LED-Spot – der Name gibt bereits an, was beleuchtet werden soll: ein gezielter Spot bzw. ein bestimmter Bereich. Bei der Lichtkonzeption für die eigenen vier Wände erledigt ein Spot zwar genau diese Aufgabe hervorragend, der Einsatz als Allgemeinbeleuchtung ist aber trotzdem problemlos möglich. Ein einzelner Deckenspot setzt einen Glanzpunkt im Raumkonzept, wenn der Lichtfokus auf ein bestimmtes Möbelstück gerückt werden soll. Verbindet man hingegen mehrere der Spots in Reihe, lässt sich auch auf einer größeren Fläche eine Allgemeinbeleuchtung etablieren, die Tag und Nacht zuverlässig mit brillantem Licht punktet.
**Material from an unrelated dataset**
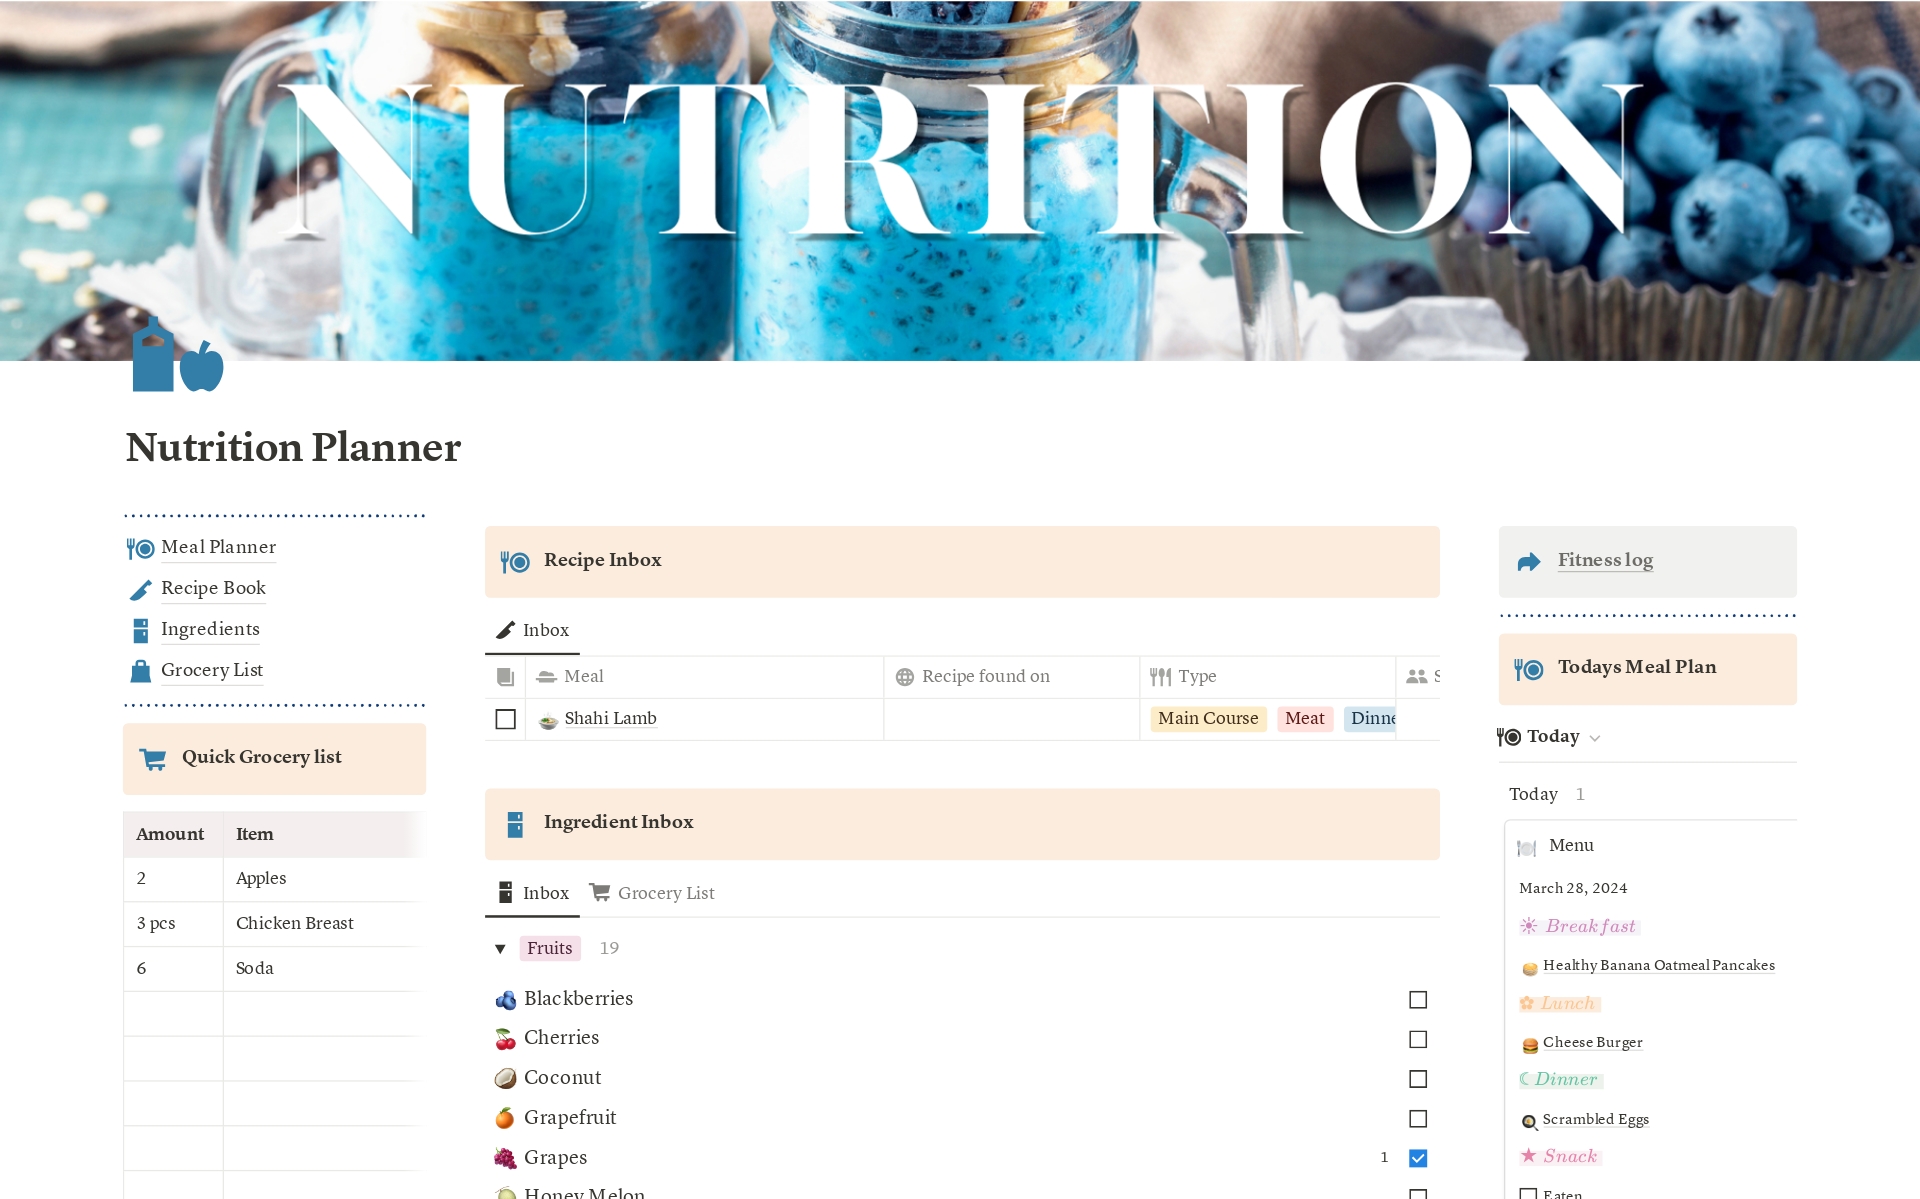 The Nutrition Planner is a comprehensive tool designed for meal planning, recipe management, grocery shopping, and tracking ingredients. Ideal for personal or family use to simplify diet management.

Für folgende Räume sind sie hervorragend geeignet:

  • Wohnzimmer
  • Flur
  • Schlafzimmer
  • Arbeitszimmer
  • Kinderzimmer 

Deckenspots sind für fast jeden Wohnraum eine gute Wahl. Für die großflächige Beleuchtung können mehrere Leuchten in der abgehängten Decke montiert werden. So verschwindet die Technik aus dem Blickfeld und sichtbar bleiben leistungsstarke Lampen, der Übergang von Leuchte zu Decke ist fließend und optisch ein echter Hingucker. Im Arbeitszimmer ist der LED-Spot über dem Schreibtisch eine ausgezeichnete Wahl. Als Akzentleuchte vereint er dort Funktionalität und Design – die Arbeitsfläche wird dezent ausgeleuchtet, außerdem wird ein optischer Fokuspunkt im Raumdesign erzeugt.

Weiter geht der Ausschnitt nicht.